The privilege of purpose
Carlos shared a reflection on purpose that has really stuck with me. For so many of America’s students, work isn't initially about fulfillment. It's about getting out of the house, paying bills, meeting a basic need. Maslow before actualization, as Carlos put it.
This doesn't mean we abandon the longer arc or pathway work. It means we're honest that the path to thriving at work is built through experience, not through choosing correctly at the beginning, and every job can teach us something. The goal isn't to find the right fit on the first try — it's to accumulate enough experience that the next decision is more informed than the last.
That reframe matters for how we design programs. If we're waiting to place students until we have something prestigious enough to offer, we're waiting too long and asking the wrong question. The right question is: what's accessible right now, and how do we help students learn from it?
Carlos’ first experience
Carlos’s first experience with work was accompanying his uncle to work in a grocery store.

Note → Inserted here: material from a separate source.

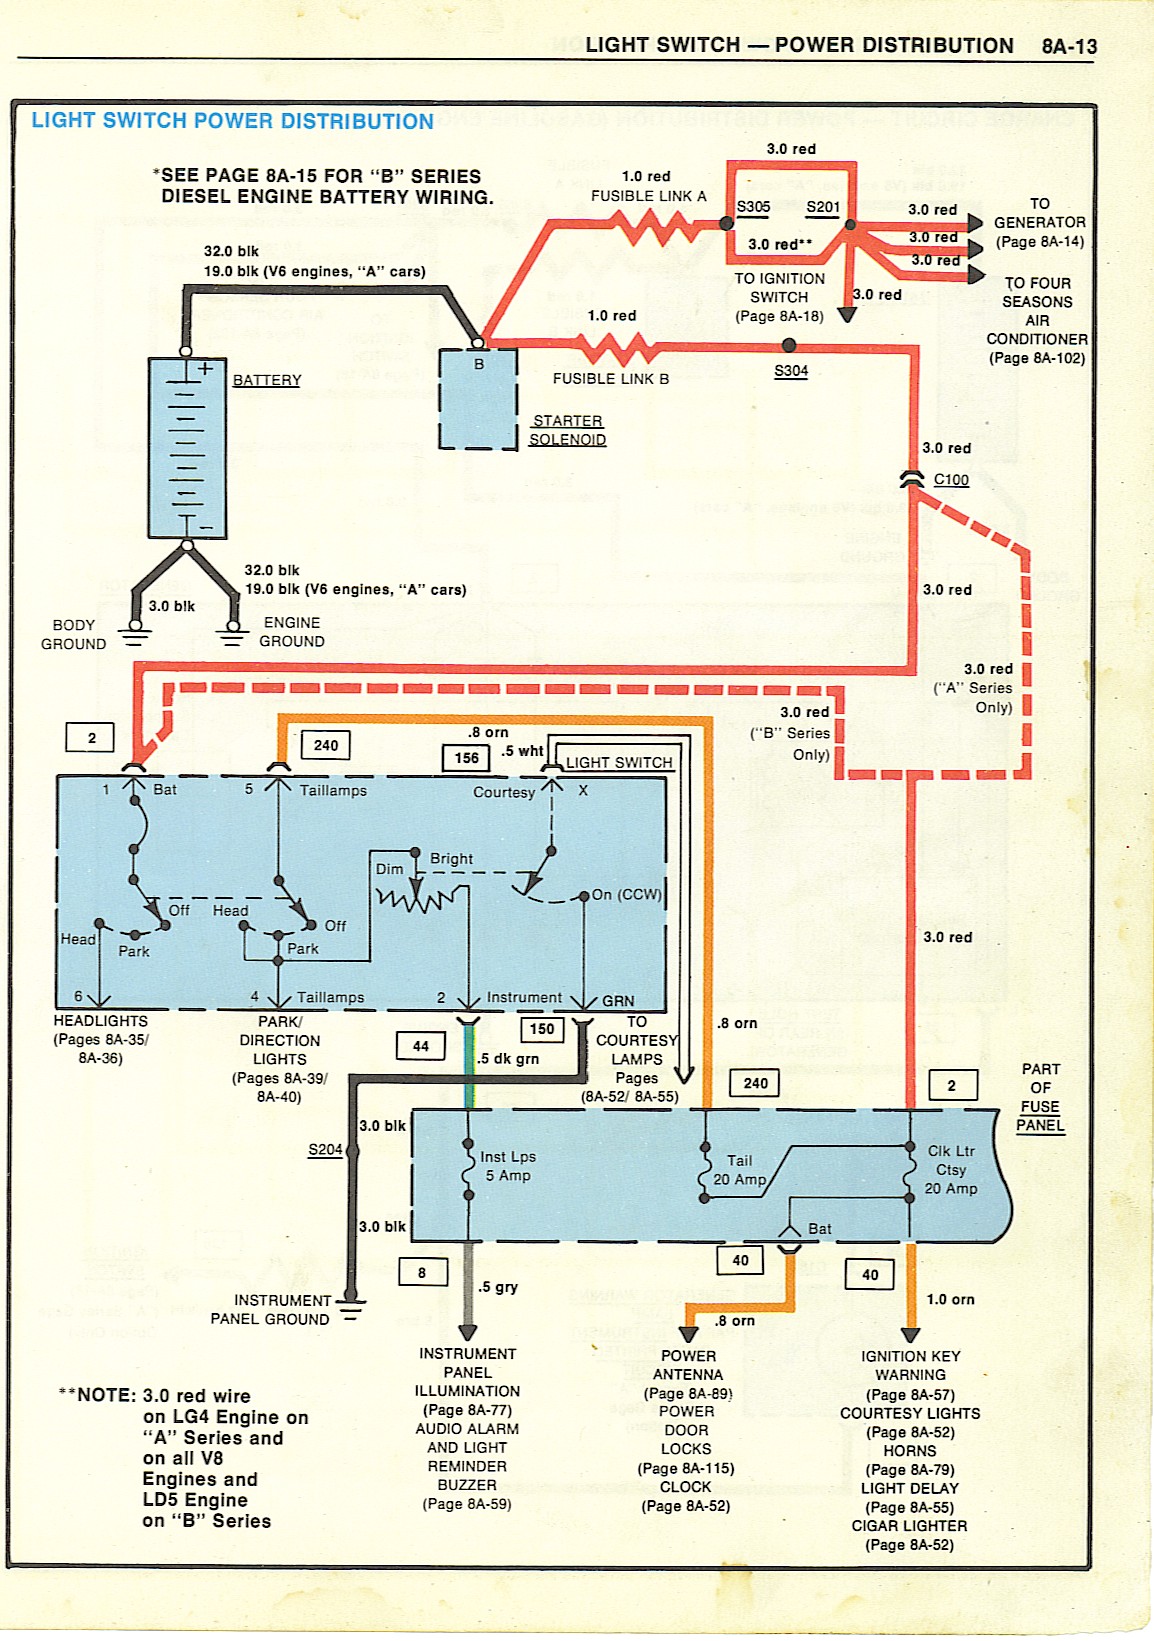 help reading electrical diagram - El Camino Central Forum ... 1986 el camino wiring diagram

He remembers being nervous the first few times, watching his uncle get ready in the mornings and going to the mirror himself: I feel like I'm going to work too. He remembers noticing that charm and humor seemed to matter in building rapport with customers, and how he built confidence over multiple days of work.
What stayed with him, he says, wasn't the job. It was the feeling of belonging — of showing up somewhere that wasn't school or family and earning a place in it. "There's something to be said about getting over that hump of feeling like you belong, regardless of the role."
The questions this conversation brought up for me: how can we help our students make meaning and find belonging in the work that is available to them, while simultaneously plugging into local communities and opportunities to expand their experience set? How can we ensure students are equipped with enough experiences to make excellent decisions for themselves and for their families, and be wary of not undervaluing the types of work that so many of our students do already?